We introduce various flavors of Breadth First Search and Depth First search and then looks at alternatives and improvements that include Iterative Deepening and Bidirectional Search.
Then we look with furrowed brow at an idea called Best First Search.
This will be our first view of a search algorithm that is able to exploit a heuristic function.
A-star Heuristic Search.
The classic algorithm for finding shortests paths given an admissible heuristic.
We'll deal with the notion of admissibility (summary: admissible = optimistic).
We show how you can prove properties of A*.
We'll also briefly discuss IDA* (iterative deepening A*).
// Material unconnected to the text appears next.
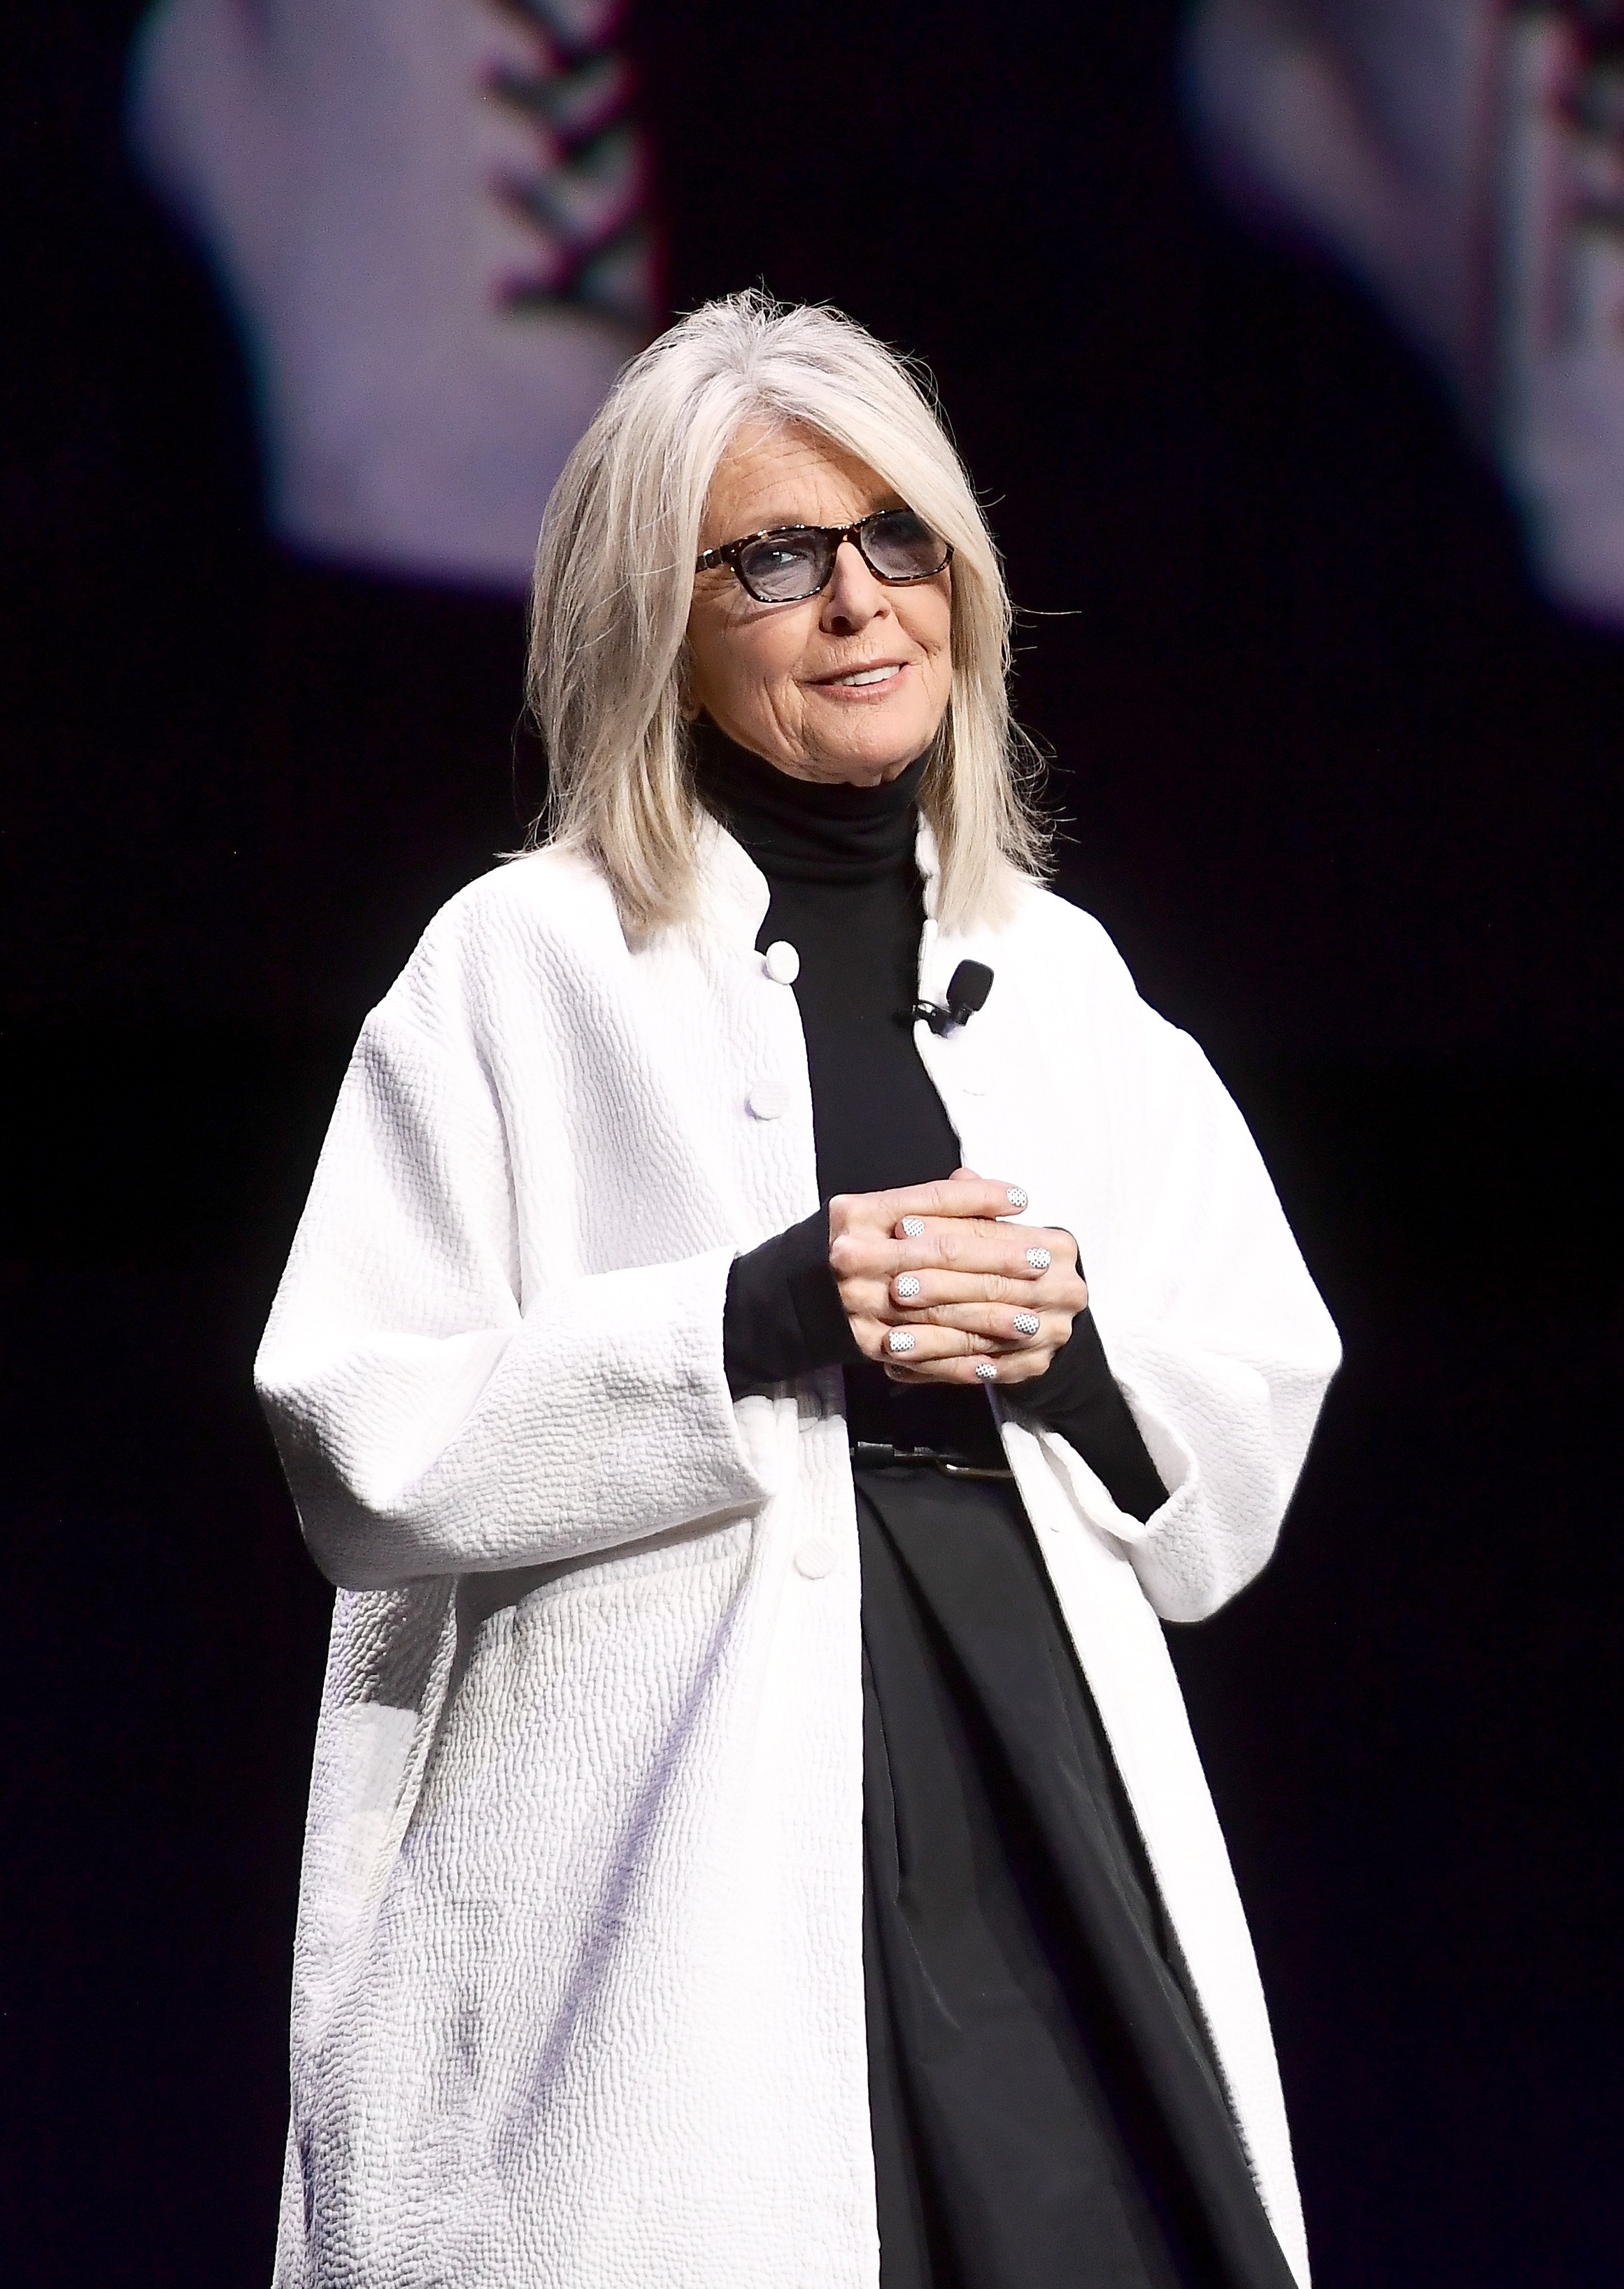 Diane Keaton speaks onstage at CinemaCon 2019 The State of the Industry and STXfilms Presentation at The Colosseum at Caesars Palace on April 2, 2019, in Las Vegas, Nevada. | Source: Getty Images

Constraint Satisfaction Algorithms, with applications in Computer Vision and Scheduling.
The tutorial teaches concepts from the AI literature on Constraint Satisfaction.
Accompanying animations are in http://www.cs.cmu.edu/~awm/animations/constraint.
This is a special case of uninformed search in which we want to find a solution configuration for some set of variables that satisfies a set of constraints.
Example problems including graph coloring, 8-queens, magic squares, the Waltz algorithm for interpreting line drawings, many kinds of scheduling and most important of all, the deduction phase of minesweeper.
The algorithms we'll look at include backtracking search, forward checking search and constraint propagation search.
We'll also look at general-purpose heuristics for additional search accelerations.
Robot Motion Planning.
We review some algorithms for clever path planning once we arrive in real-valued continuous space instead of the safe and warm discrete space we've been sheltering in so far.
We look at configuration spaces, visibility graphs, cell-decomposition, voronoi-based planning and potential field methods.
Unfortunately some of the figures are missing from the PDF version.
HillClimbing, Simulated Annealing and Genetic Algorithms.
Some very useful algorithms, to be used only in case of emergency.